Answers in Genesis is certainly adopting a different approach from the Museum of the Bible, which is scheduled to open in November in Washington and aims to attract all religions. AiG wants to attract all tourists and introduce them to its specific brand of faith.

Ham and his brethren are creationists and Christian apologists who believe that the Earth is only 6,000 years old. (Contrary to scientists who say that it’s more like 4.5 billion years — or older.) Apologetics is a branch of Christianity whose adherents actively defend their faith, and Ham is a robust debater.

The author or co-author of 50 or 60 books — he’s not sure, a rare instance of uncertainty — he argues that the Bible is a historical narrative and that “the whole gospel message is found in Genesis.” He believes that dinosaurs prowled the planet alongside humans and that the biblical flood created the Grand Canyon. One of his books is titled “
The Lie: Evolution.” He maintains that Noah labored seven decades to construct his vessel and was 600 years old when the storm surged. (By comparison, the AiG team took only seven years to build the Kentucky ark.)

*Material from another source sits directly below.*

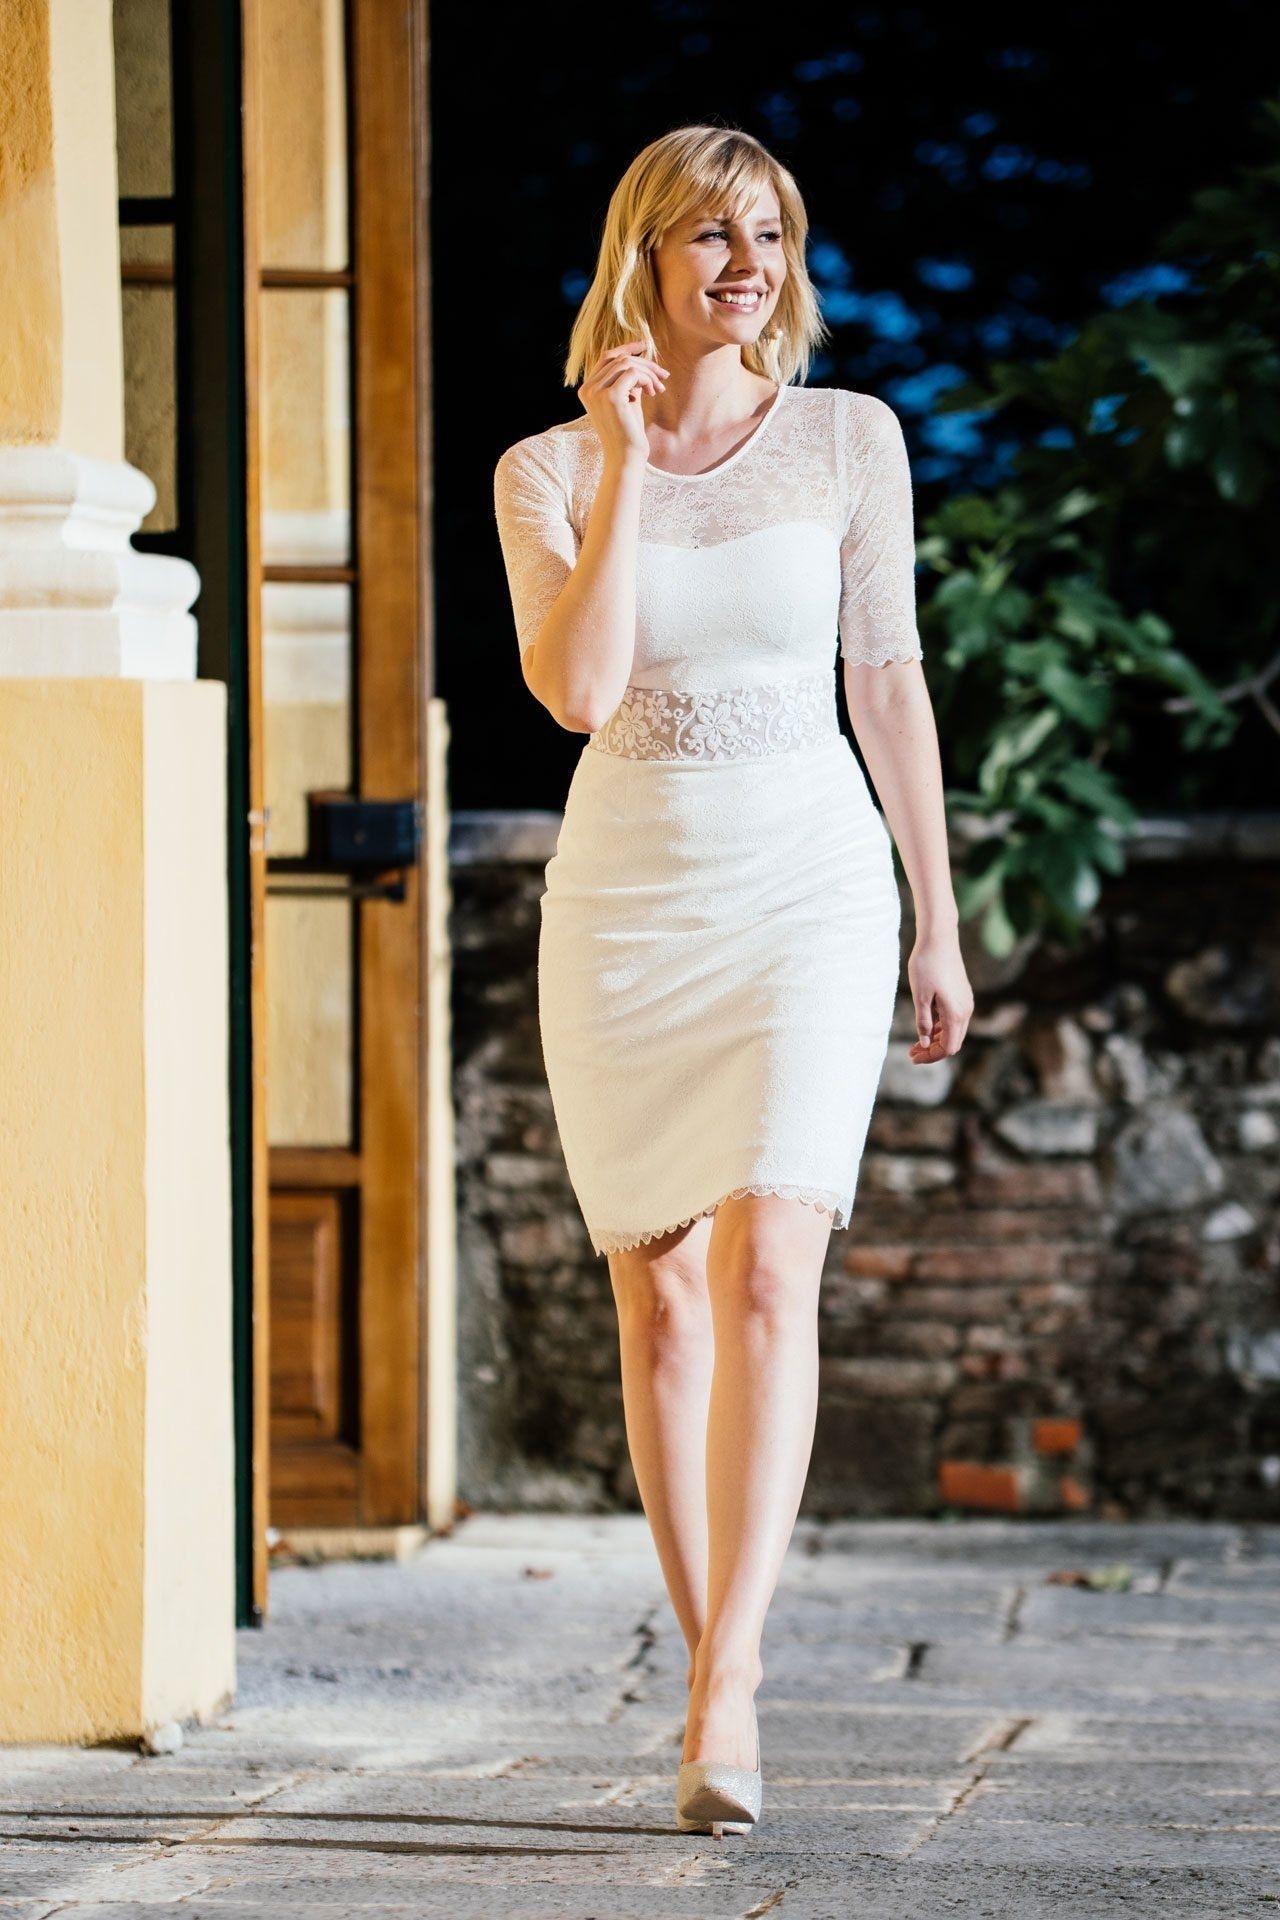 Designer Spektakulär Etuikleid Hochzeit BoutiqueFormal Spektakulär Etuikleid Hochzeit Bester Preis

Ham — is it coincidence that his name is the same as one of Noah’s sons’? — began his career as, of all things, a science teacher in a tiny Australian town. But evolution didn’t sit right with him as the son of parents who subscribed to creationist beliefs.

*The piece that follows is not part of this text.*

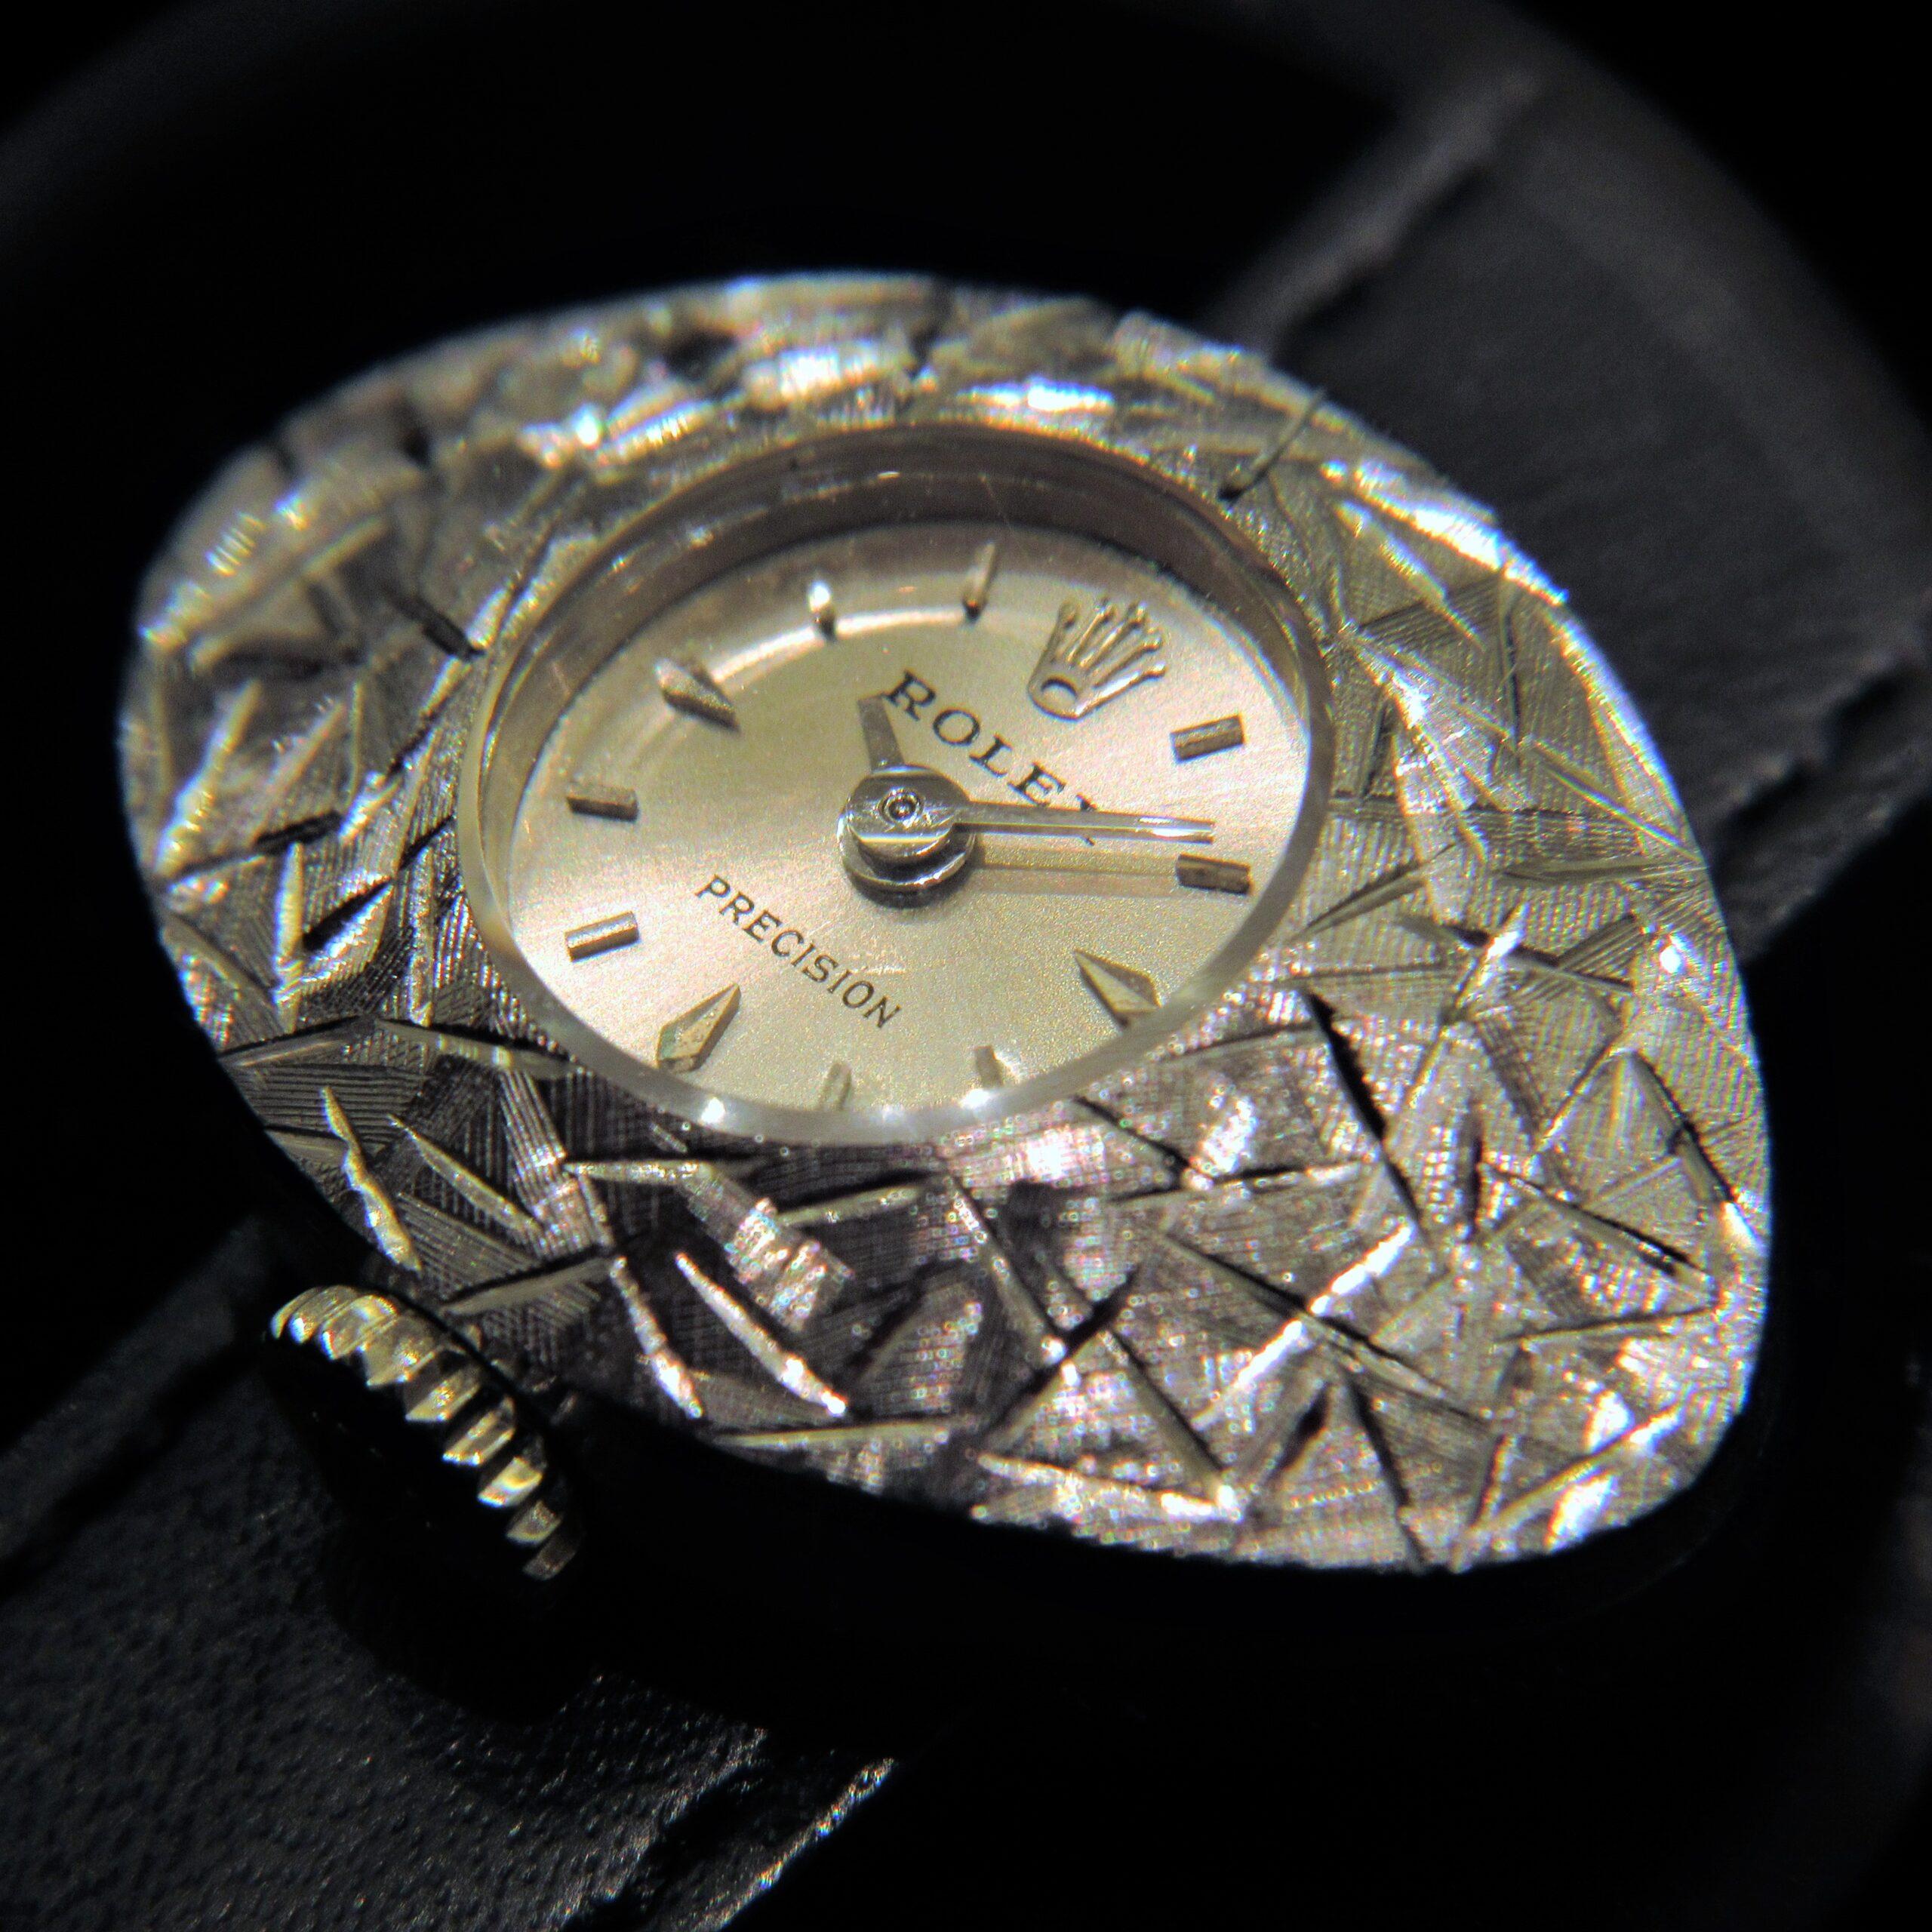 ロレックスカメレオンホワイトゴールド ROLEX Cameleon White Gold

“I took students to museums and saw that all the museums were totally from an evolutionary perspective,” he says. He began researching the creationist view of science, and ultimately began lecturing on the subject and was invited to speak at the Institute for Creation Research, then based outside San Diego.

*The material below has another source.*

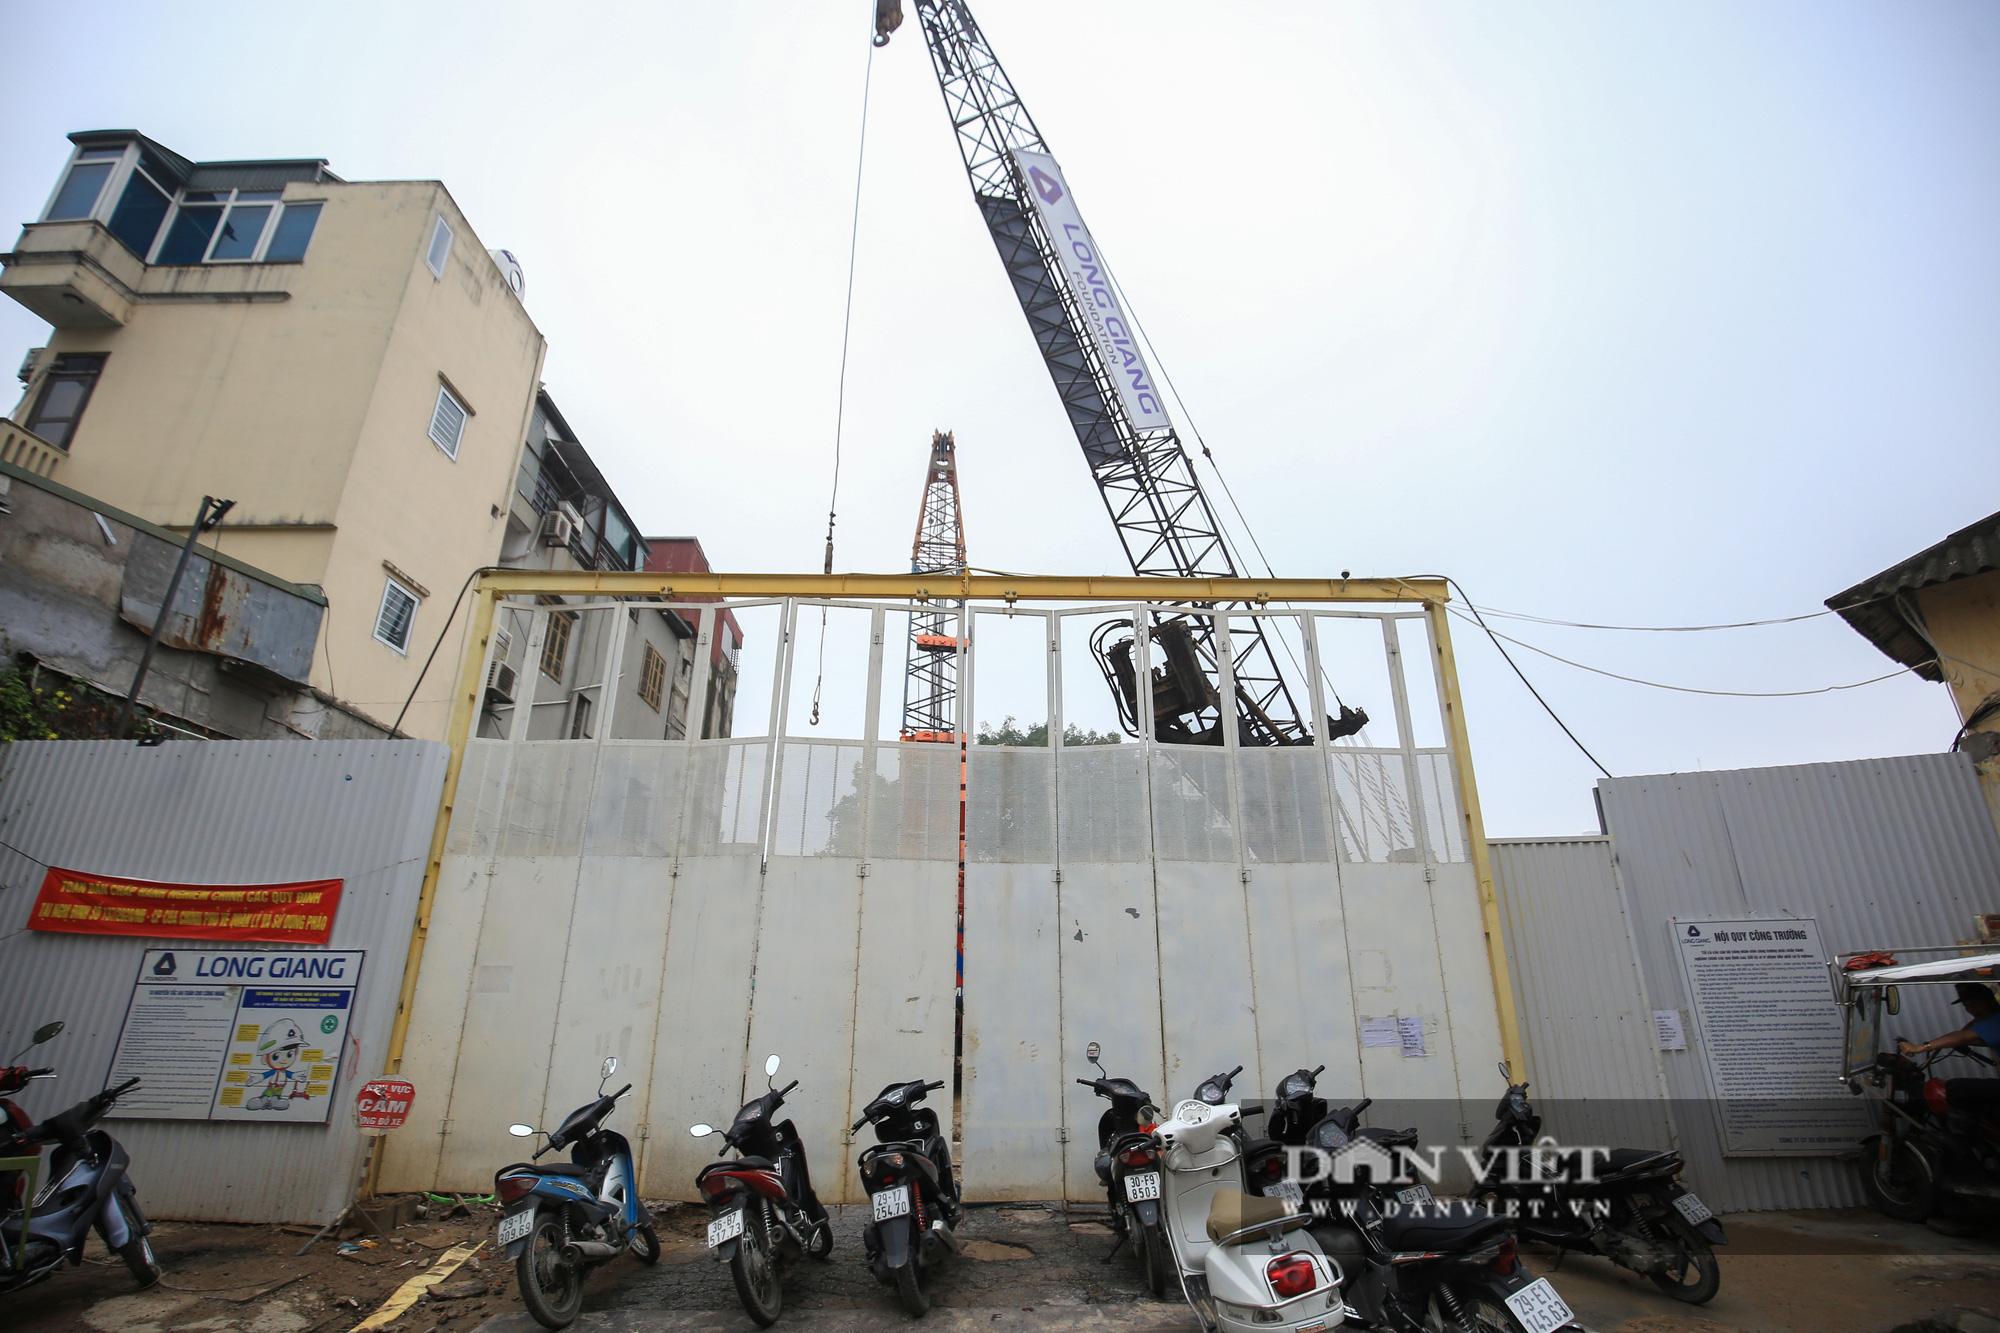 """Cận cảnh khu đất """"kim cương"""" hơn 30.000 m2 trên phố Nguyễn Thái Học - Ảnh 4."""

And he realized that America was the best location for getting his message out to the world. “It’s the center of the business world, the center of the Christian world,” he says.

He acknowledges that his views aren’t commonly shared.

“Obviously, we’re in a minority,” he says in his pronounced Down Under accent. But “just because a majority believes in something doesn’t mean it’s right. People love darkness rather than light. If a majority believes something, I’m naturally suspicious because of the sin nature of man.”

Ham has twice debated evolution with television science star Bill Nye, at the Creation Museum in 2014 and two years later at the Ark Encounter, events that Answers in Genesis touts as akin to a modern-day Scopes trial — and that Ham believes he won. Otherwise, why sell the videos and book to believers in his museums’ large gift shops? (Nye declined to comment.)

How did a former science teacher, a retired U.S. Army lieutenant colonel (Zovath) and a former radio reporter (Looy), all based in Southern California and with zero tourism experience, come to build a museum and an enormous wooden boat to promote creationism in northern Kentucky?

The founders say they looked at multiple locations in several states and chose the region because of its proximity to the Cincinnati airport, once a Delta hub, and because it’s within a day’s drive of two-thirds of the nation’s population. But the sites are also situated firmly in the Bible Belt, where there’s less competition from other tourist attractions. Plus, AiG was able to negotiate attractive incentives to locate there.

Ham proudly points out that where many museums and attractions “are reliant on government subsidies or a few large donations,” the ark was funded by 42,000 small donors. “The average donation was $230,” he says, though there were several large gifts.

But the project’s single largest source of funding was actually $62 million in junk bonds floated by the town of Willamstown, population less than 4,000, home to the Ark Encounter and the county seat of Grant County, which faced bankruptcy this spring.

“In terms of revenue for the county, we don’t get too much from them,” says the county’s chief executive, Stephen Wood. The Ark Encounter negotiated a vastly discounted 30-year rate on property taxes in 2013 under a previous administration. “I hate it, but that’s the deal,” says Wood.

Unsurprisingly, the Ark Encounter and Answers in Genesis have attracted a loud chorus of critics who question this financial backing.

“Why would the state indirectly subsidize a nonsensible alternative to evolution?” asks Barry Lynn, an ordained minister who is executive director of Americans United for Separation of Church and State and a frequent critic. “It’s not good science. It’s not good anything. It ought to be unacceptable for a state at any level to treat this like one more bond-funded enterprise. Most Christians do not accept this as a literal or natural interpretation of the Bible.”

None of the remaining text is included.